The TwiCs approach to conducting pragmatic trials can address important gaps in ADHD research, facilitate fast and efficient recruitment of participants, and provide useful information to stakeholders. Successful recruitment to the STAR cohort is likely to have been accomplished due to minimal commitment or delusion regarding interventions. However, the TwiCs approach uses a two-stage approach to informed consent, and participants, whilst easily recruited to the cohort (the first stage), were less easily retained at the second stage (the trial).

Greater refusal of the offer is to be expected using the TwiCs design compared with traditional RCT designs, where those not happy to accept a treatment or a placebo refuse participation prior to randomisation [33]. Whilst traditional RCTs often struggle to recruit sufficient participants (numbers declining are generally not recorded), they may better retain those they do recruit. However, information about acceptability is a useful feature of the TwiCs design, providing important information to stakeholders because: mainstream treatments for ADHD are not particularly acceptable and attrition and non-take up are a feature [16, 22]; information across trials with similar degrees of pragmatism can be useful; there is little point in having efficacious or effective interventions if they are not acceptable to their population; and uncertainty still remains regarding the effectiveness of the two mainstream intervention types (pharmaceutical medication and behavioural change programmes) in routine clinical practice.
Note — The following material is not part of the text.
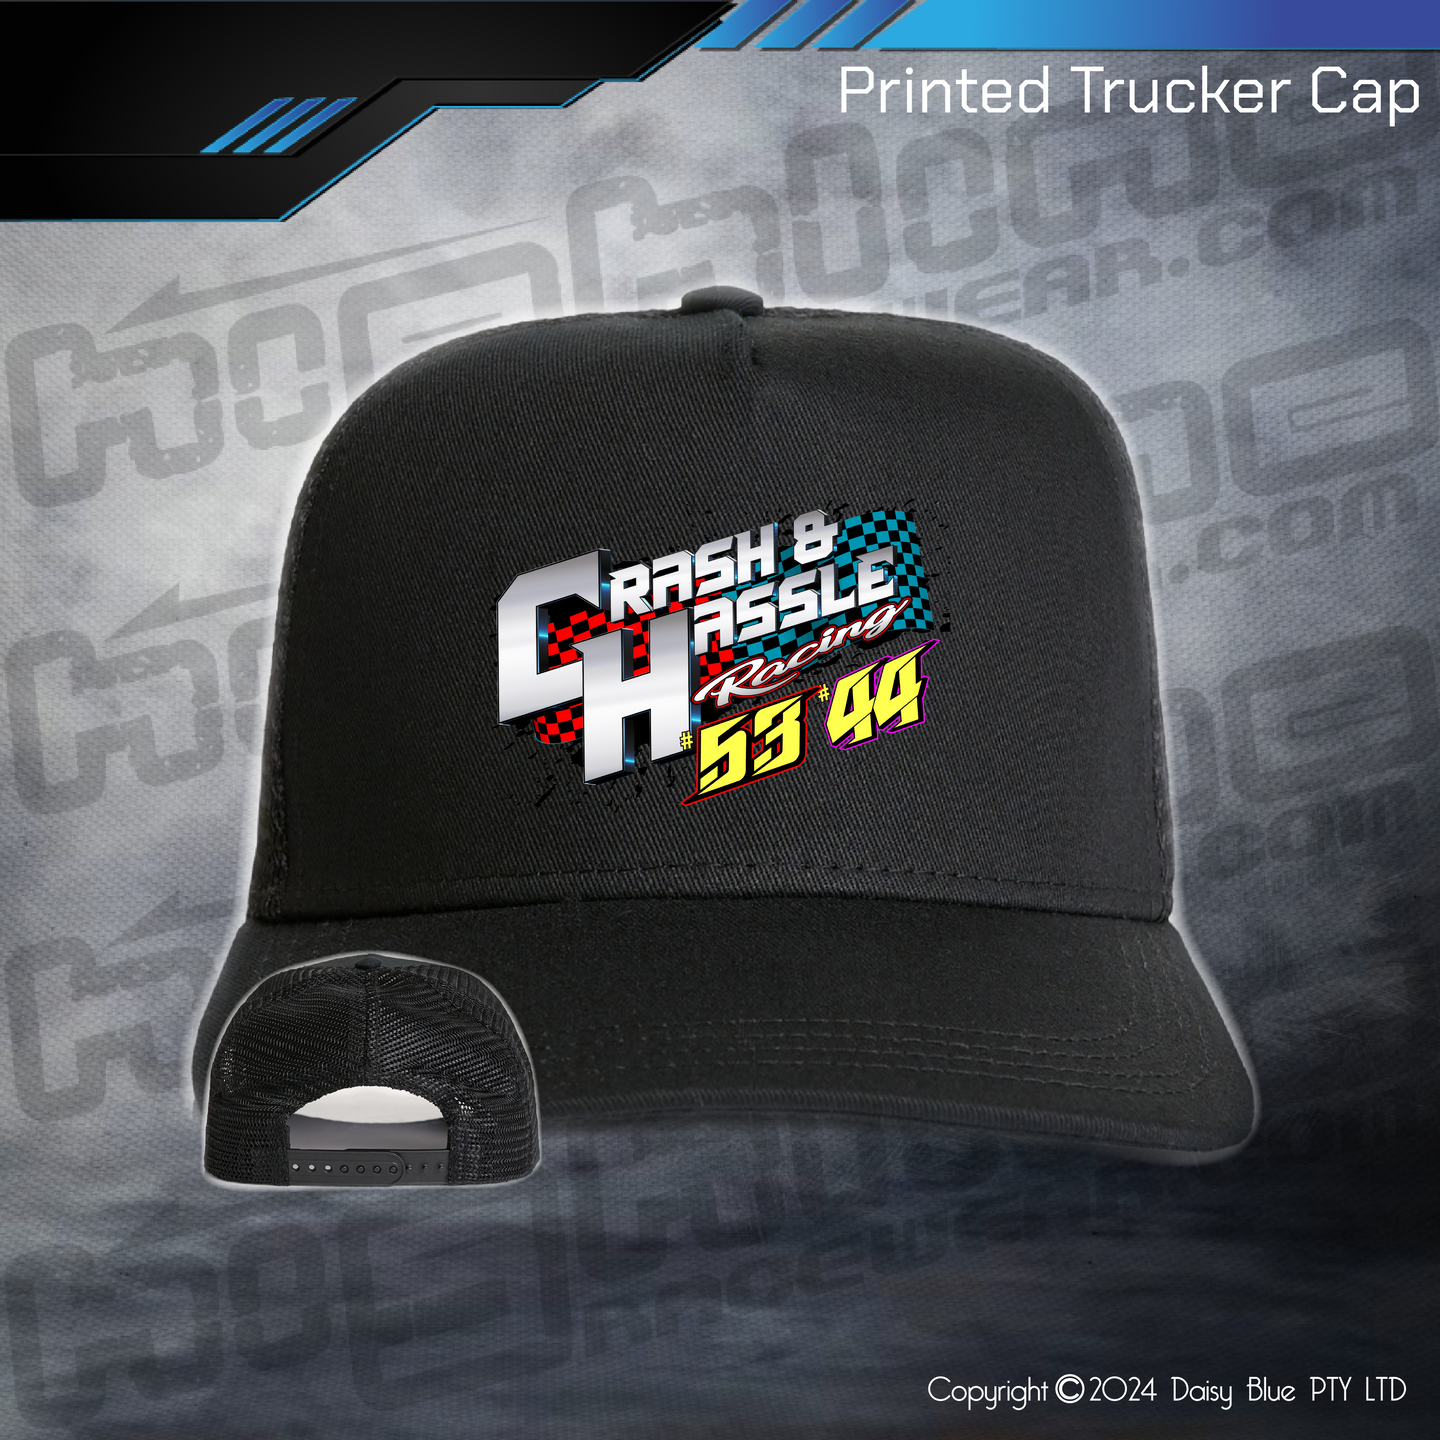 Printed Trucker Cap - Crash N Hassle Racing

The evidence base for child and adolescent mental health interventions to improve long-term mental health, is minimal [8, 14]. Reasons given are that relevant interventions are generally complex and multi-dimensional [13]; levels of comorbidity are high; and research expensive, labour intensive, and requiring specially trained staff [18]. The comparative effectiveness of mainstream interventions for ADHD is difficult to ascertain due to the use of different trial designs and samples [20, 28, 29], and their long-term effectiveness is also unknown. The TwiCs approach provides a potential solution to these issues. It is already being successfully implemented in five cohorts of children similar to the STAR ADHD cohort in being at risk of long-term negative outcomes (https://www.twics.global/use-of-the-design). Taking innovative pre-emptive approaches by developing cohorts and testing multiple interventions to try and improve outcomes is an emerging strength and potential of the design.

The STAR cohort now requires expanding, focusing on recruitment of those most at need: teenagers, hard to reach families, those with co-occurring autism, looked after children, those involved in criminality, and those with multiple co-morbidities. Improvement in collection of teacher outcomes and therapist’s contacting strategies are needed, by improving links with schools, increasing the number of reminders to teachers, and using multiple contacting modes to both carers and teachers.

The two piloted interventions now require testing in greater numbers. Future studies will need to address stakeholder concerns regarding the generalisability and variability of therapist-led interventions. However, both interventions appear safe, potentially effective, cheap to implement, and may be particularly useful: in the early years before pharmaceutical medication is permitted; for the 25%+ children with ADHD who cannot tolerate pharmaceutical medications; and for teenagers opting to discontinue their pharmaceutical medications. Further trials of other main and non-mainstream interventions are also planned.

Conclusion

Children with ADHD are at risk of negative outcomes and in need of pre-emptive strategies implemented as early as possible. The STAR project demonstrated the feasibility and utility of the TwiCs approach to pragmatic RCT design for children with ADHD. It can make a useful contribution in the search to improve outcomes for those with ADHD.